Inside the Java SDK: Bootstrap

From time to time we get questions on topics that do not directly fit into the documentation since they dig deeper into the internals of the client libraries. In this series we’ll cover different themes of interest – in this one it is how the SDK bootstraps itself.

Note that this post was written with the Java SDK 2.5.9 / 2.6.0 releases in mind. Things might change over time, but the overall approach should stay mostly the same.

First Steps

To know which remote hosts to ask for a config in general, we rely on the list of hostnames that the user provides through the CouchbaseCluster API. So for example if this code is provided:

CouchbaseCluster cluster = CouchbaseCluster.create("node1", "node2", "node3");

1	CouchbaseCluster cluster = CouchbaseCluster.create("node1", "node2", "node3");

Then we are going to use node1 , node2 and node3 as part of the initial bootstrap process. It’s important to understand at this point that no actual connection is established just yet. The code just stores these three hosts in the ConfigurationProvider as seed hosts.
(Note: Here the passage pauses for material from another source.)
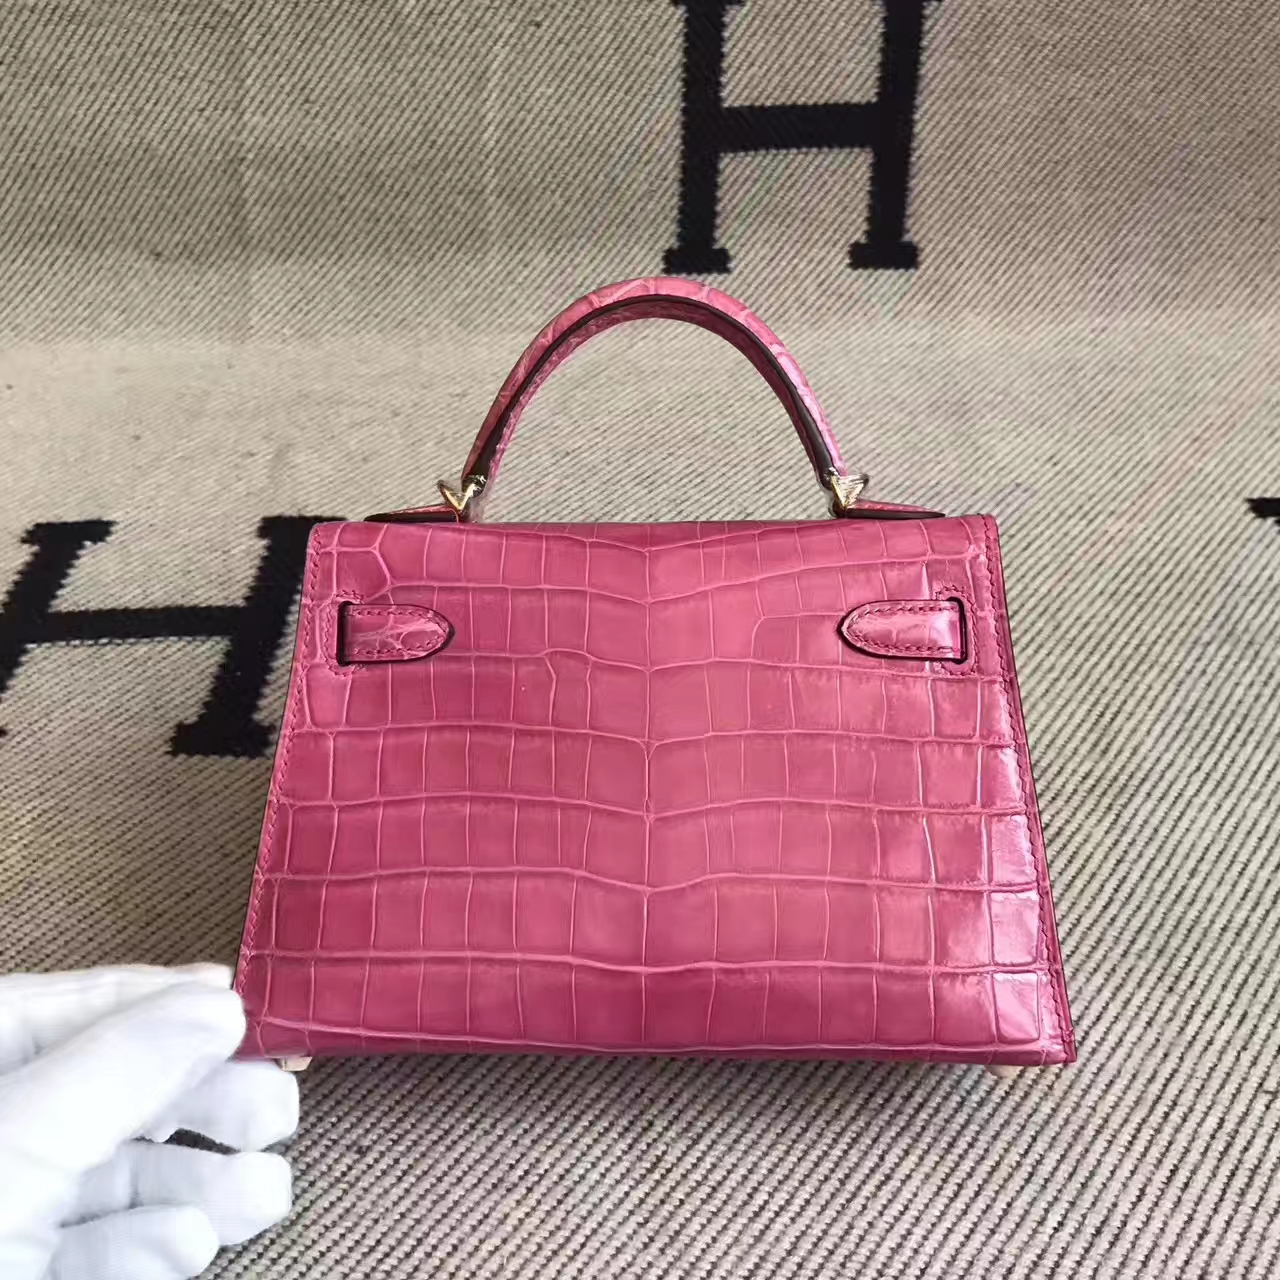 Cheap Hermes Minikelly-2 Clutch Bag in 5E Hot Pink Crocodile Shiny Leather

They are not stored as strings though, but rather as a NetworkAddress each of which provides a convenient and more feature rich wrapper over the plain JDK InetAddress . For example it can be modified through system properties to disallow reverse DNS lookups or force IPv4 over IPv6 even if the JDK is configured differently.

If no host is provided, 127.0.0.1 will be set as a seed host.

For readers out there who are also using an SDK which relies on the connection string for configuration: the Java SDK will parse such a string when given, but will not use any of the configuration settings other than the list of bootstrap nodes. Every configuration must be applied through the CouchbaseEnvironment and its builder or through system properties where available.

One last thing we need to cover before we can open a bucket and get into the weeds. If the CouchbaseEnvironment is configured with dnsSrvEnabled , then during the cluster construction phase the code will perform a DNS SRV lookup to retrieve the actual hosts instead of the DNS SRV reference host. The code utilizes JVM classes to do this, the code can be found here.

Getting a Config

Now that we have a list of seed nodes to work with, as soon as a bucket gets opened the real work begins. Let’s consider the following code snippet as a starting point:

Bucket bucket = cluster.openBucket("travel-sample");

1	Bucket bucket = cluster.openBucket("travel-sample");

The act of opening a bucket has lots of small steps that need to be completed, but the first and most important step is to fetch an initial, good configuration from one of the nodes in the cluster.

The ConfigurationProvider builds up a chain of config loaders, where each loader has a different mechanism of trying to get a configuration. Currently there are two different loaders in place:

– CarrierLoader: tries to fetch the configuration via the memcache binary protocol from the KV service (port 11210 by default).
– HttpLoader: tries to fetch the config from the cluster manager (port 8091 by default).

The CarrierLoader takes precedence since it is the more scalable option (the KV service is able to handle much higher requests per second than the cluster manager) and if it is not available the SDK will fall back to the HttpLoader . One of the reasons why it could fail is that certain (older) Couchbase Server releases don’t support this mechanism. Other failures in general include port 11210 being blocked by firewalls (which leads to other problems down the road anyways…) or sockets timing out.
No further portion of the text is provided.